One bright spot was Xiaomi’s electric vehicle business, which posted 19 billion yuan in revenue – a 5.1% year-over-year increase. Vehicle deliveries grew 6.6% to 80,856 units, helped by the launch of the YU7 series. However, the average selling price decreased slightly to 235,116 yuan due to purchase tax subsidies and lower-priced inventory sales.
President Lu Weibing revealed that the new YU7 will begin formal deliveries this week, with more than half of customers choosing the fully-equipped YU7 GT priced at 429,900 yuan. Production is ramping up gradually, with initial monthly output of about 2,400 units for the flagship GT model.
Looking ahead, Xiaomi is betting heavily on AI to transform its business. Lu Weibing outlined the company’s strategy to “reconstruct the entire ecosystem of vehicles, homes, and people with AI” over the next five years. This includes:
- Developing its MiMo large language models, with MiMo-V2.5-Pro showing strong results among open-source models
- Applying AI to robotics and autonomous driving through VLA models and XLA cognitive architecture
- Integrating AI across devices through tools like miclaw and enhanced Super Xiaoai assistant
The company plans to release a new-generation operating system in July or August that will bring a “different interactive experience” powered by AI. Lu Weibing called AI “the biggest incremental opportunity in the mobile phone industry” and said the entire industry is facing a revolution.

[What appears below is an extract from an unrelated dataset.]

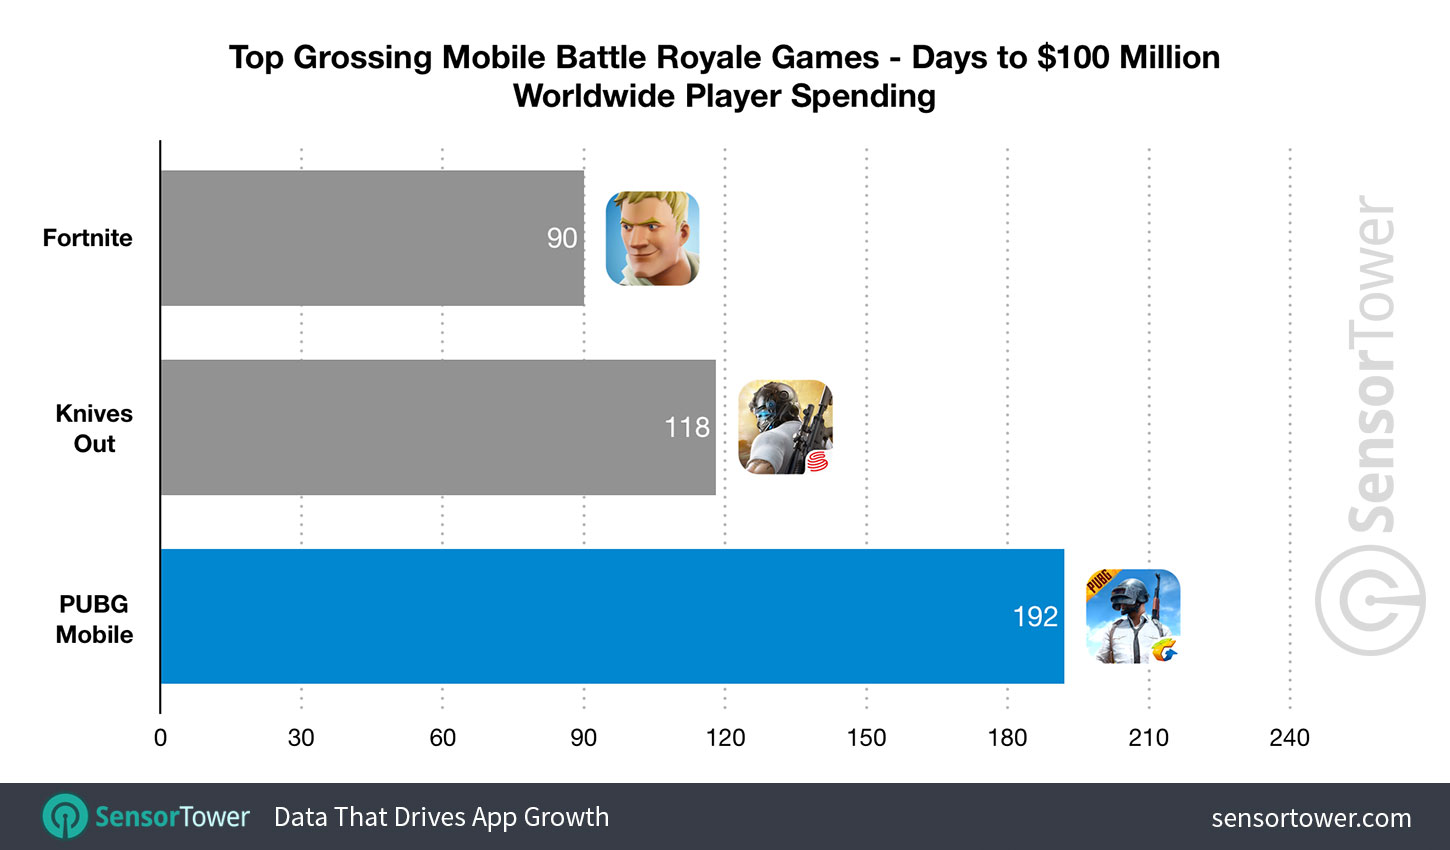 PUBG Mobile officially crosses $5 billion in player spending

Despite the challenging quarter, Xiaomi maintained its position as a top-three global smartphone vendor for the 23rd consecutive quarter. The company achieved record-high average selling prices both globally and overseas, while smartphone gross profit margins exceeded market expectations.
Xiaomi’s aggressive share buyback program reflects management’s belief that current market conditions don’t reflect the company’s long-term value. Since going public nearly eight years ago, Xiaomi has repurchased over HK$8.4 billion worth of shares in 2026 alone – more than the entire previous year. CEO Lei Jun also personally invested HK$100 million in share buybacks in November 2025 to support the stock price during a particularly volatile period.